Zdaniem rzecznika Obozu Narodowo-Radykalnego Tomasza Kalinowskego, formuła marszu została zmieniona ze względu na liczne prośby uczestników wydarzenia i ich bezpieczeństwo. Odniósł się on również do poniedziałkowych słów rzeczniczki stołecznego ratusza Karoliny Gałeckiej, która ostrzegła, że taka manifestacja może wiązać się z wykroczeniem drogowym. - Nie obowiązują nas żadne kwestie prawne związane z organizacją wydarzeń i zgłoszeń. Żadnych takich zgód czy decyzji mieć nie musimy, taka jest wykładnia prawa. Pani rzecznik musi się dokształcić w tej kwestii - stwierdził Kalinowski.

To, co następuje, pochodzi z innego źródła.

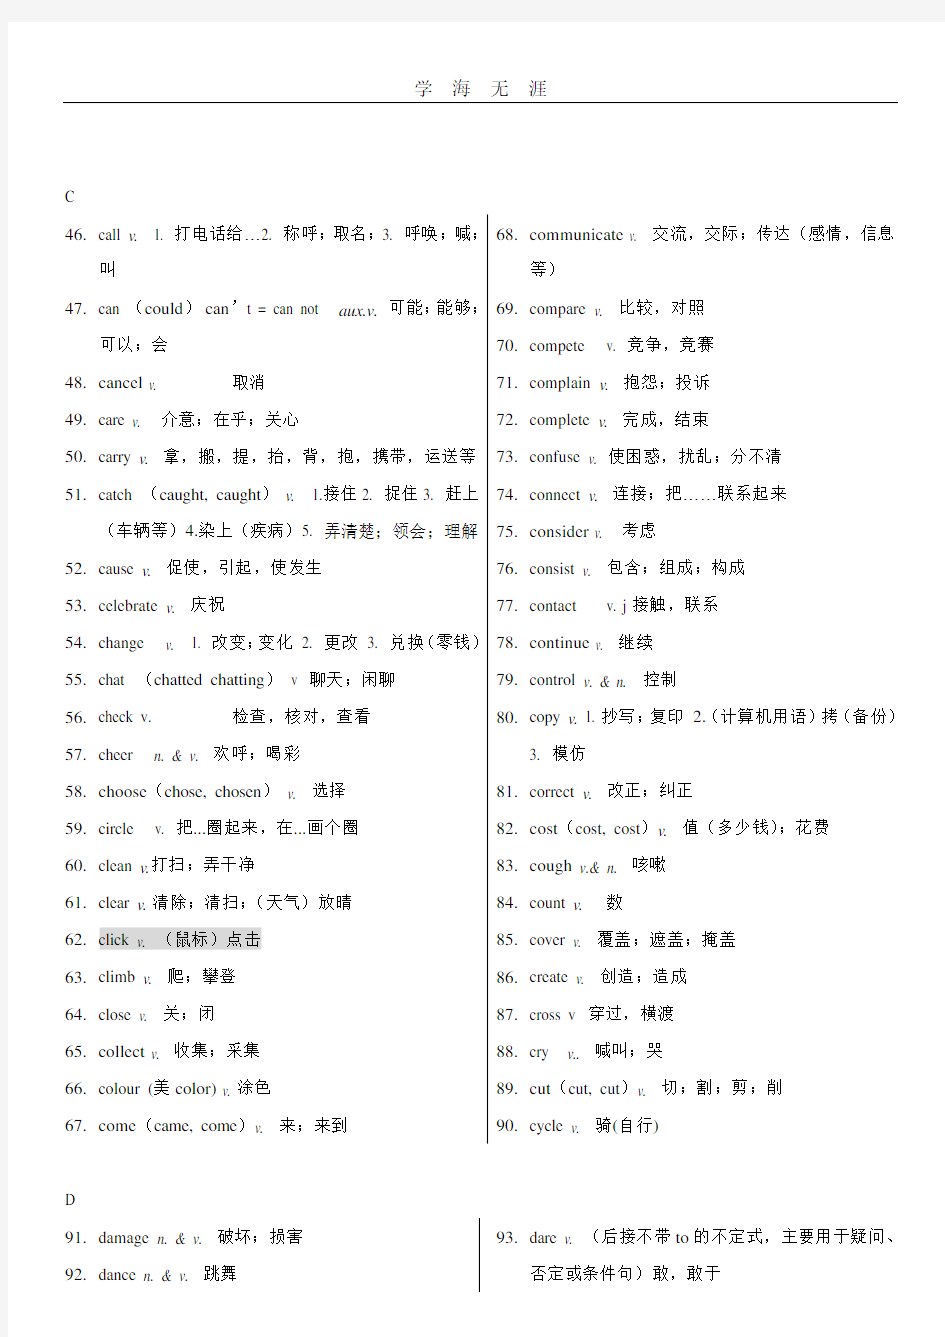 上海中考英语考纲词汇分类表(动词).pdf

- Ale jest inna batalia z Rafałem Trzaskowskim, o to zgromadzenie, które nie będzie mieć miejsca, bo organizujemy rajd. Natomiast nie odpuścimy tej sprawy. Nasz zespół prawny przeanalizował ostatnią skargę, którą złożyliśmy do sądu drugiej instancji i składamy zażalenie na decyzję sądu do Europejskiego Trybunału Praw Człowieka. Jeśli Rafał Trzaskowski chce się sądzić, to będzie się sądził w Strasburgu - zapowiedział rzecznik ONR.
Sąd utrzymał zakaz dla marszu
Przypomnijmy: w piątek prezydent Warszawy oznajmił, że nie wyraża zgody na organizację marszu. "W związku z negatywną opinią sanepidu, nie wyrażam zgody na organizację 11 listopada zgłoszonego Marszu Niepodległości. Opinia inspekcji sanitarnej, o którą również wystąpił wojewoda, wskazuje na trudną sytuację epidemiczną, szczególnie w Warszawie i całym Mazowszu" - poinformował na Twitterze. Do wpisu załączył skany opinii Wojewódzkiej Stacji Sanitarno-Epidemiologicznej w Warszawie. W opinii z 30 października przypomniano, że zgodnie z obowiązującym rozporządzeniem maksymalna liczba uczestników zgromadzenia nie może być większa niż pięć osób.
Od decyzji prezydenta stolicy do sądu odwołało się Stowarzyszenie Marsz Niepodległości.